I have a Micro which you're more than welcome to check out the build quality. I'm not sure how many Versatile owners are on Microskiff. I'm pretty happy going with Sabine, Brian did a great job on my build and took great care of me in the build process. He's also super available now when I text and call him.


----------



## Smackdaddy53

Captain Scott Null is about to get his very soon, he lives close to Charlie’s Bait Camp and may be willing to give you a demo.


----------



## baconegg&cheese

@024H6 has one in Houston and probably has nothing better to do with his time right now... I bet he'd meet up with you in exchange for GPS coordinates to your honey holes.


----------



## GullsGoneWild

There's a gent named Will on here who runs a Versatile.

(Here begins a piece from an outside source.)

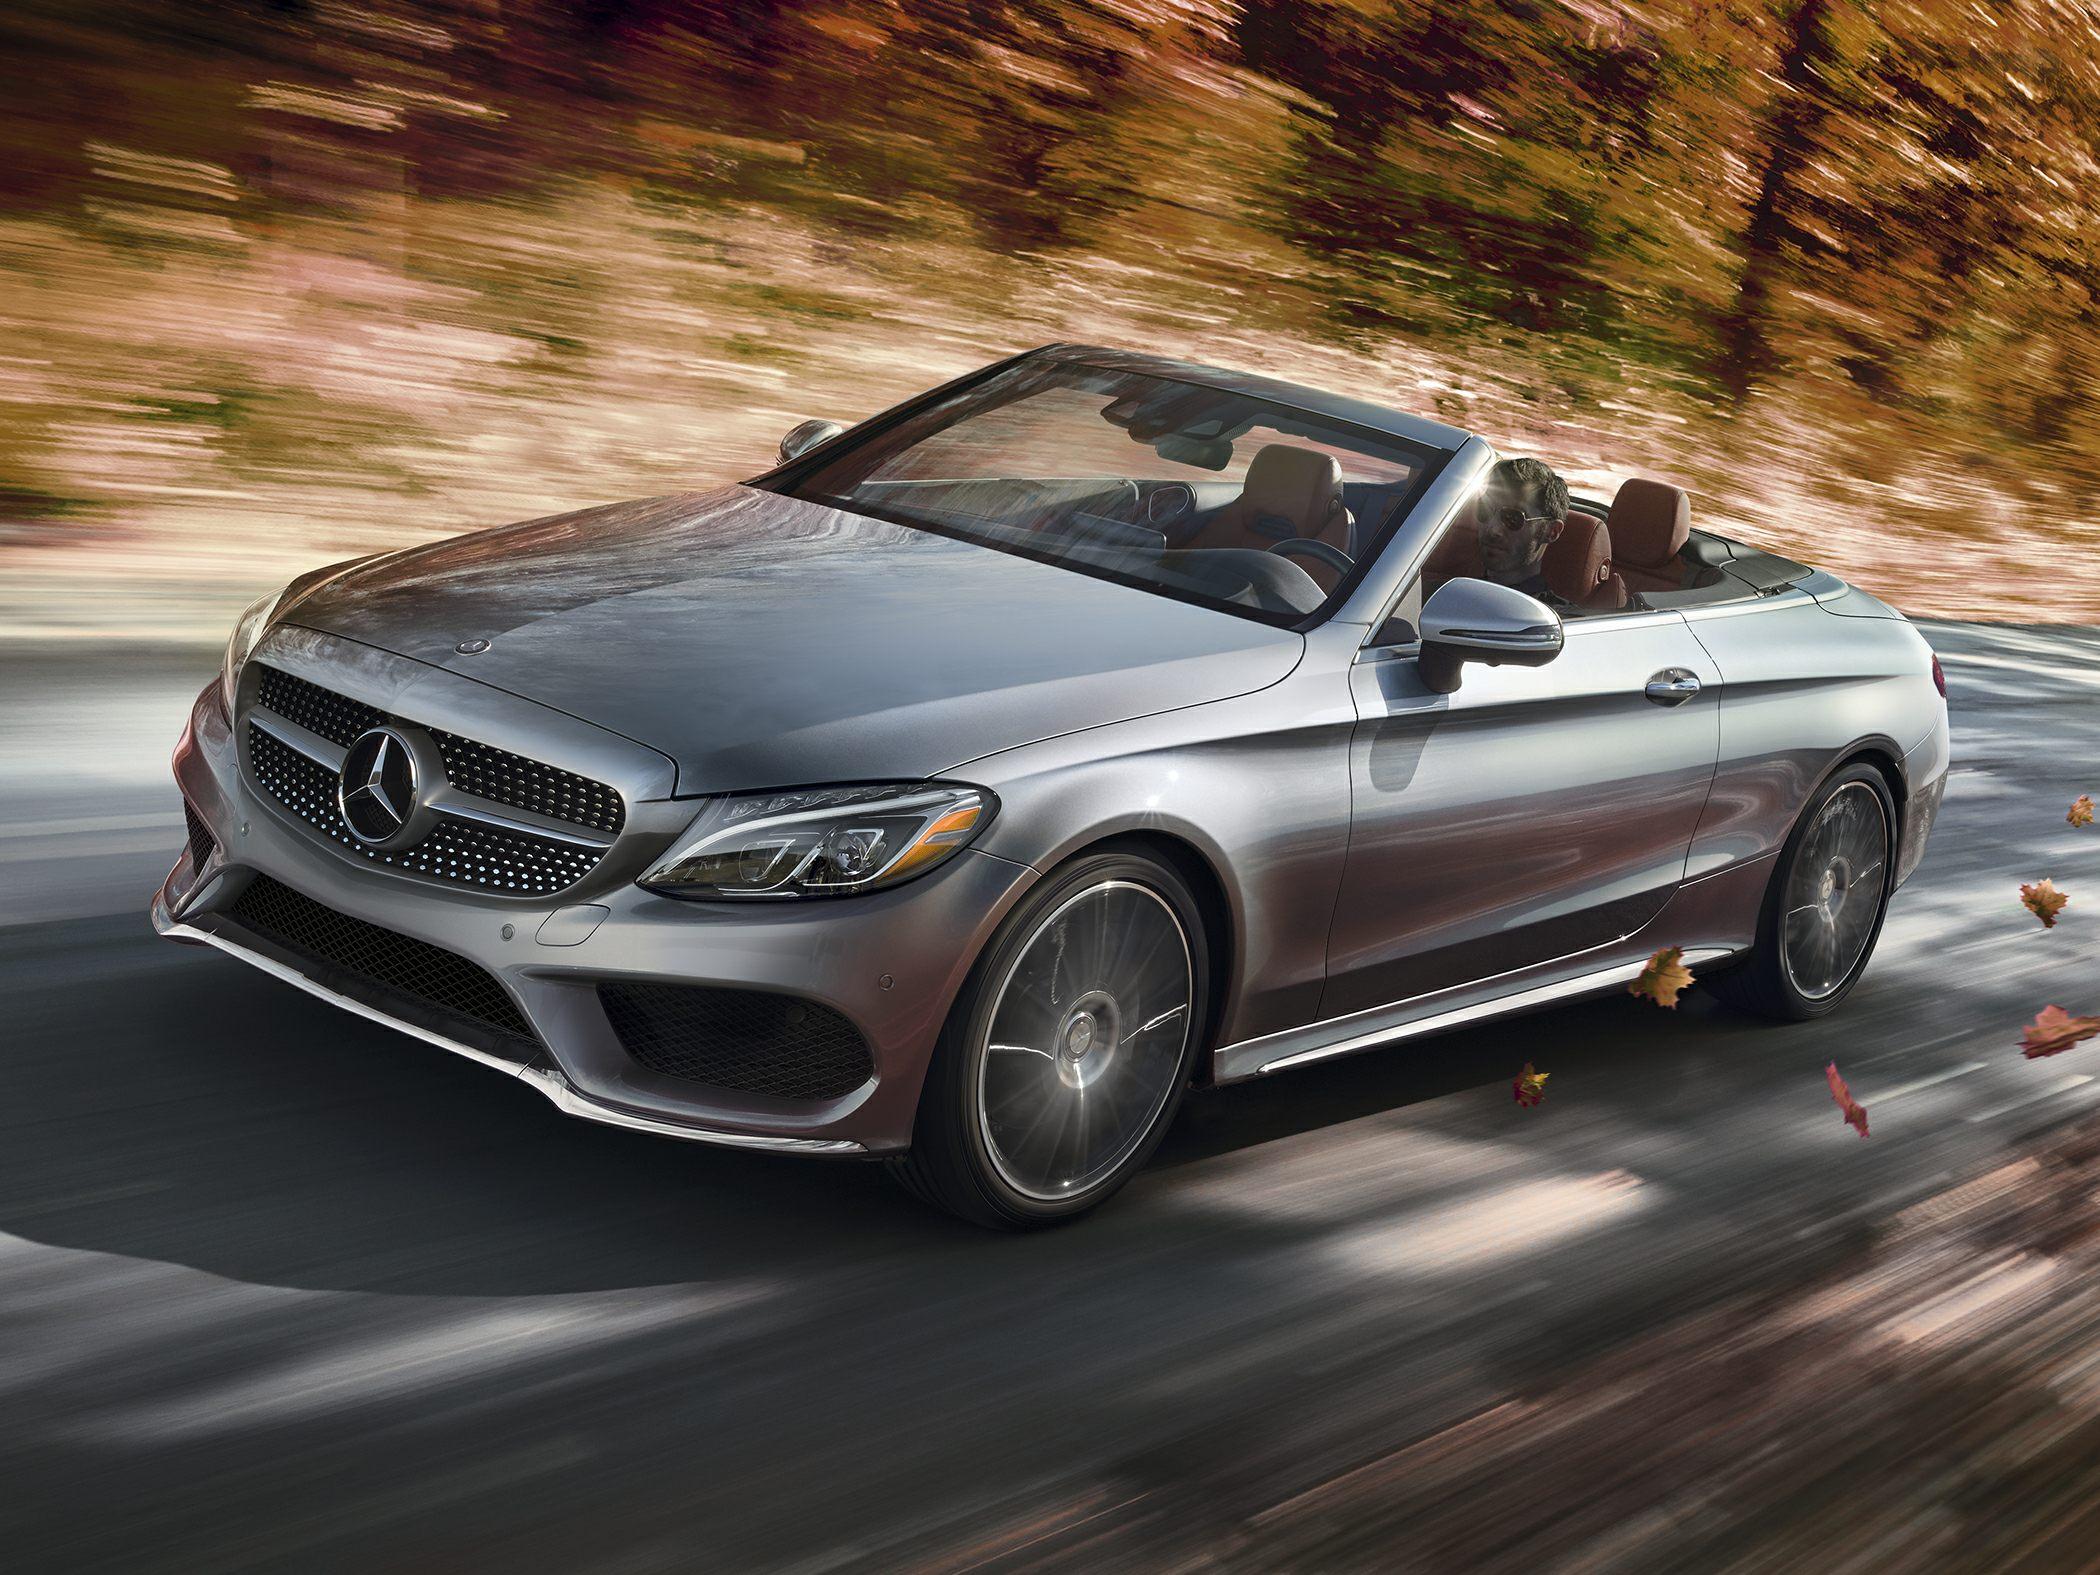 2018 mercedes benz c class deals prices incentives for Mercedes benz c class offers

I forget Will's handle but I will text him to check this thread and post. He is in Beaumont though. I've demo'd the versatile along side my ECC Caimen. Brian has his skiffs set up perfectly. The stock versatile runs shallower than a stock Caimen due to factory rigged motor height.


----------



## Richg737

Hey Tex,

First post here, long time lurker. I own a non-tunnel versatile, side console setup with a 60 Tohatsu on the back. I generally get out about 3 times a week if the weather allows. PM me, if I can receive those with my lack of posts. I ll take you for a spin and let you push it around anytime. It’s smoke Grey hull color with a light Grey seadeck on the Sabine Instagram page. 
To reiterate, Brian is a good dude and very meticulous about the craftsmanship put out by his factory. He is very responsive and puts out a top notch product. 

Rich


----------



## Richg737

Richg737 said:


> Hey Tex,
> 
> First post here, long time lurker. I own a non-tunnel versatile, side console setup with a 60 Tohatsu on the back. I generally get out about 3 times a week if the weather allows. PM me, if I can receive those with my lack of posts. I ll take you for a spin and let you push it around anytime. It’s smoke Grey hull color with a light Grey seadeck on the Sabine Instagram page.
> To reiterate, Brian is a good dude and very meticulous about the craftsmanship put out by his factory. He is very responsive and puts out a top notch product.
> 
> Rich


----------



## Richg737

I’m in Seabrook and mainly fish West gbay.


----------



## 024H6

I’ve got the only center console Sabine (at least for the next month till Brian’s new demo is finished). I love it and would be down to take you out to fish any time. I’m in between projects at work right now so I’ll be on the water pretty much every decent day for the next month or two. I’ve mainly fished Port O’Connor but I’m trying to get to know Galveston better so either area would work well for me. Let me know whenever you want to go.


----------



## nautilott

Generous group on this thread...two thumps up. Nice


----------



## efi2712micro

I’ll second that ....great bunch


----------